I0325 22:11:01.116552    3687 reflector.go:218] Starting reflector *v1.Secret (0s) from object-"system"/"ftblf3-testns"/"default-token-r8stb"
I0325 22:11:01.116586    3687 reflector.go:293] ListAndWatch *v1.Secret. filter bounds []. name object-"system"/"ftblf3-testns"/"default-token-r8stb". Watch page size 0. resync period 0s
E0325 22:11:01.384617    3687 secret.go:199] Couldn't get secret system/ftblf3-testns/default-token-r8stb: secret "default-token-r8stb" not found

Successful RP kubelet log:

I0325 22:11:01.112580    3164 reflector.go:218] Starting reflector *v1.Secret (0s) from object-"system"/"ftblf3-testns"/"default-token-r8stb"
I0325 22:11:01.112615    3164 reflector.go:293] ListAndWatch *v1.Secret. filter bounds []. name object-"system"/"ftblf3-testns"/"default-token-r8stb". Watch page size 0. resync period 0s
I0325 22:11:01.355145    3164 secret.go:212] Received secret system/ftblf3-testns/default-token-r8stb containing (3) pieces of data, 2222 total bytes

What you expected to happen: Both RPs should be able to get secret and create running pods.

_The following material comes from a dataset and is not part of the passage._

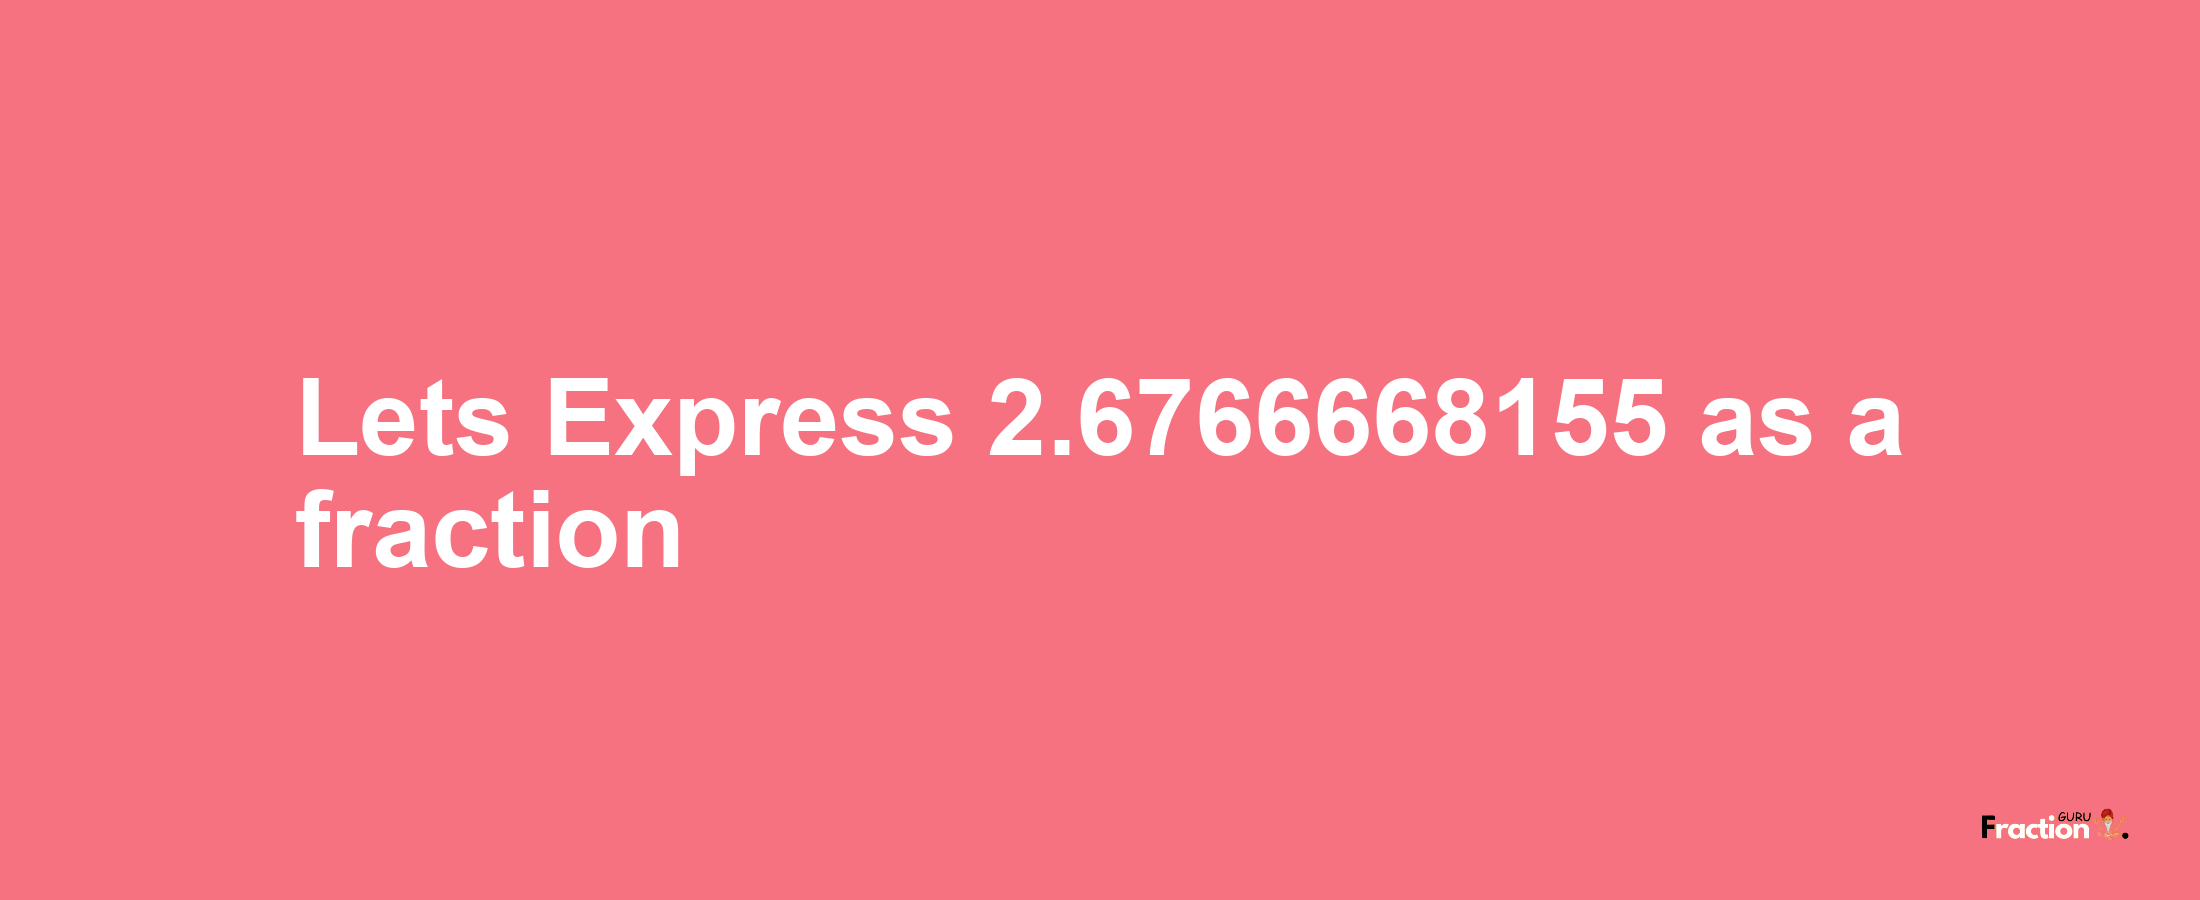 Lets Express 2.6766668155 as afraction

How to reproduce it (as minimally and precisely as possible): ./hack/arktos-up-scale-out-poc.sh

Anything else we need to know?: The following file might need additional code changes: . pkg/controller/volume/scheduling/scheduler_binder.go:477 . pkg/kubelet/kubelet.go . pkg/scheduler/factory/factory.go (Refactor AggregateNodeLister) . pkg/scheduler/nodeinfo/util.go (// TODO - set rpId in NodeInfo) . pkg/scheduler/scheduler.go (sched.config.NodeListers[0])

Environment:

Arktos version (use kubectl version):
Cloud provider or hardware configuration:
OS (e.g: cat /etc/os-release):
Kernel (e.g. uname -a):
Install tools:
Network plugin and version (if this is a network-related bug):
Others:
Branch: https://github.com/futurewei-cloud/arktos-perftest/tree/merge-scale-out-poc-2021-0430

Sindica commented 3 years ago

This is for system tenant. I will test in tenant arktos and zeta and see whether it happens again.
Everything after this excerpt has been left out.